Doctrine: before any deploy or production, open the hub's client record to copy the exact command. Markdown architecture docs can drift; the database is authoritative.

The secrets doctrine

Principle: each secret has a single canonical file; the same key in two places is a bug. The hierarchy runs from the most local to the most shared:

#	File	Scope	Git-tracked
1	tenant .env	a single tenant (read by its container and its deploy config)	no
2	mothership .env	flagship core (cockpit)	no
3	mothership .env.host	mothership + host scripts (cron, automates, SSH)	no
4	out-of-repo shared env file	cross-project (AI provider keys, encryption key, master SMTP)	no (out of repo)
5	.env.example templates	public OSS templates	yes

The load order runs from most shared to most local: on a duplicate, the most local level wins — all the more reason never to place the same key at two levels.

P0 anti-leak. No plaintext secret in any git-tracked file. When a tracked file must reference a secret, it cites only the variable name and the env file that carries it — never the value.

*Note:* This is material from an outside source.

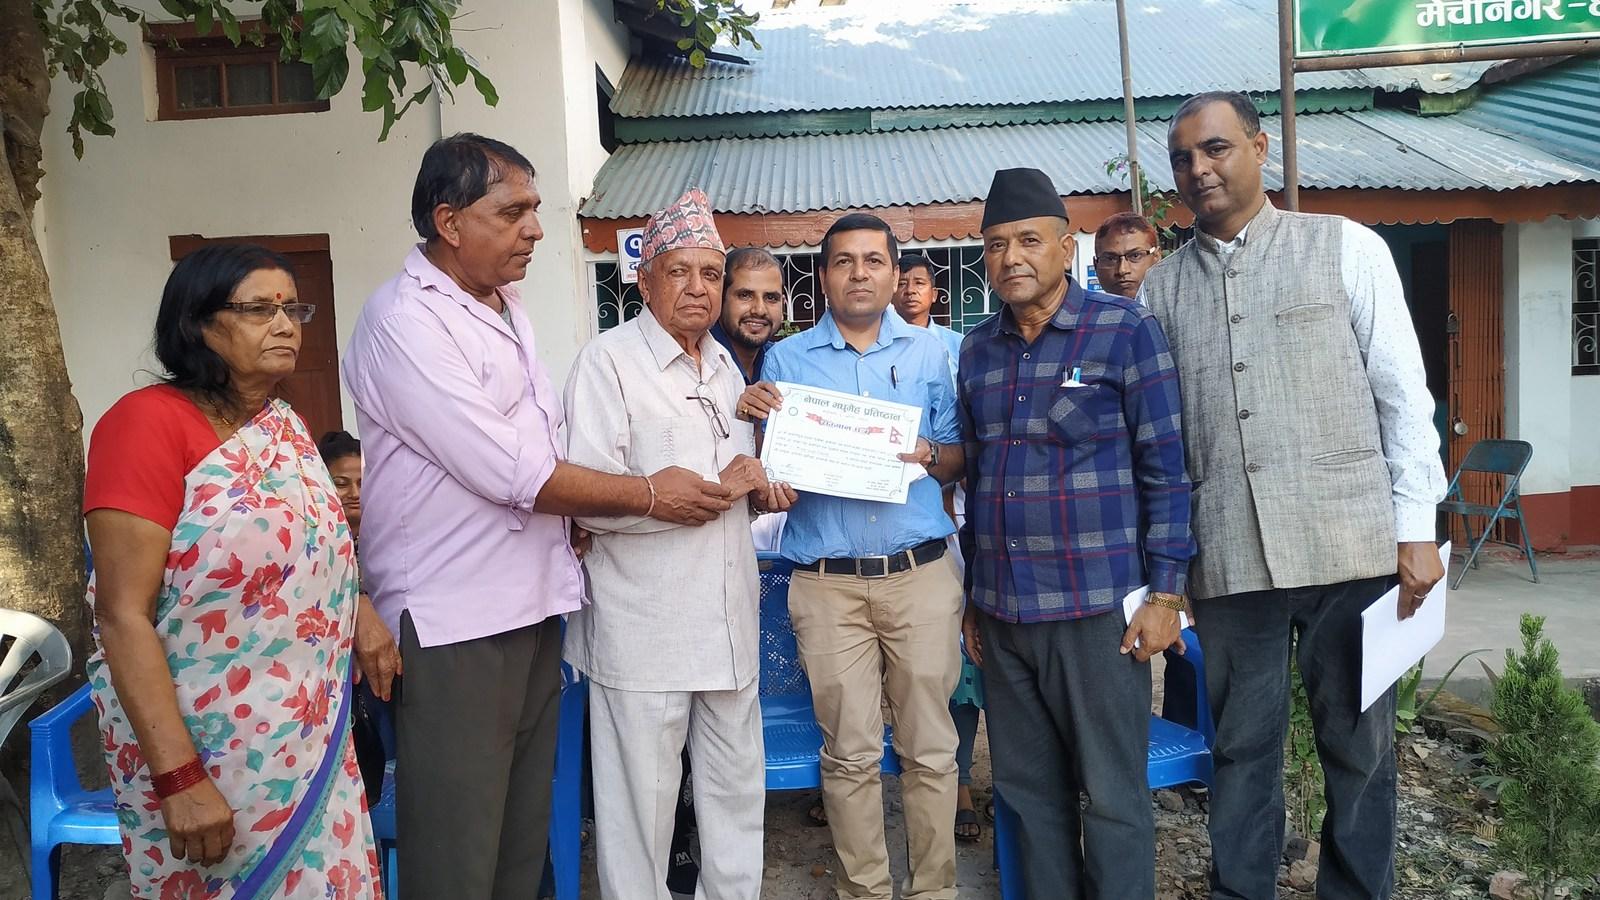 Diabetes Eye Screening Health Camp On 29th World Diabetes Day Rotary Club Of Kakarvitta 2
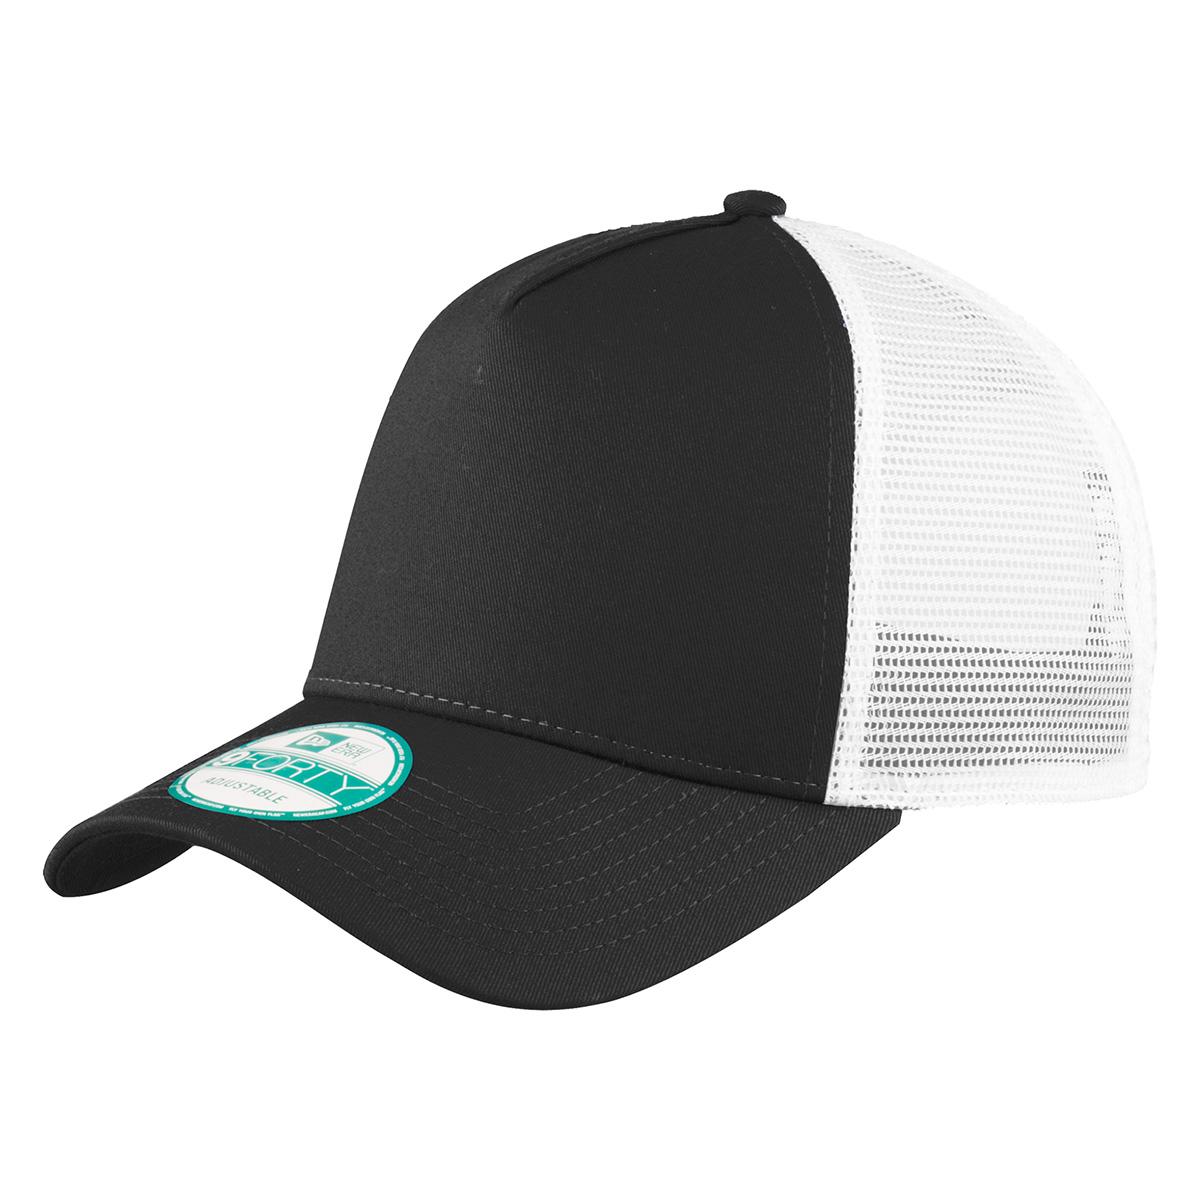 47e50fd03 NE205 New Era® Snapback Trucker Cap - Hit Promotional Products

The deploy config and the database inventory carry only variable names.

Commit before deploy

A P0 scar: a hand-applied fix that was never committed got overwritten by a sync between two actions, breaking prod for several hours. The lesson: an uncommitted local change survives only in the extracted build and is overwritten by the checkout the deploy performs. The hard rule that follows: always commit before deploying.

A target-scoped safeguard (a mothership file does not block a tenant ship, and vice versa) enforces two behaviours:

• Deploy: if the tree is dirty → silent auto-commit + background push, unless on the main branch → hard refusal.
• Production: if the tree is dirty → blocking, exit with an error, message "commit first then re-run". Bypass reserved for deliberate hotfixes.

An end-of-session hook also blocks closure while the working tree is not clean. Root rule: no finished work stays uncommitted — the intelligence commits, the Founder never types the git add or commit commands.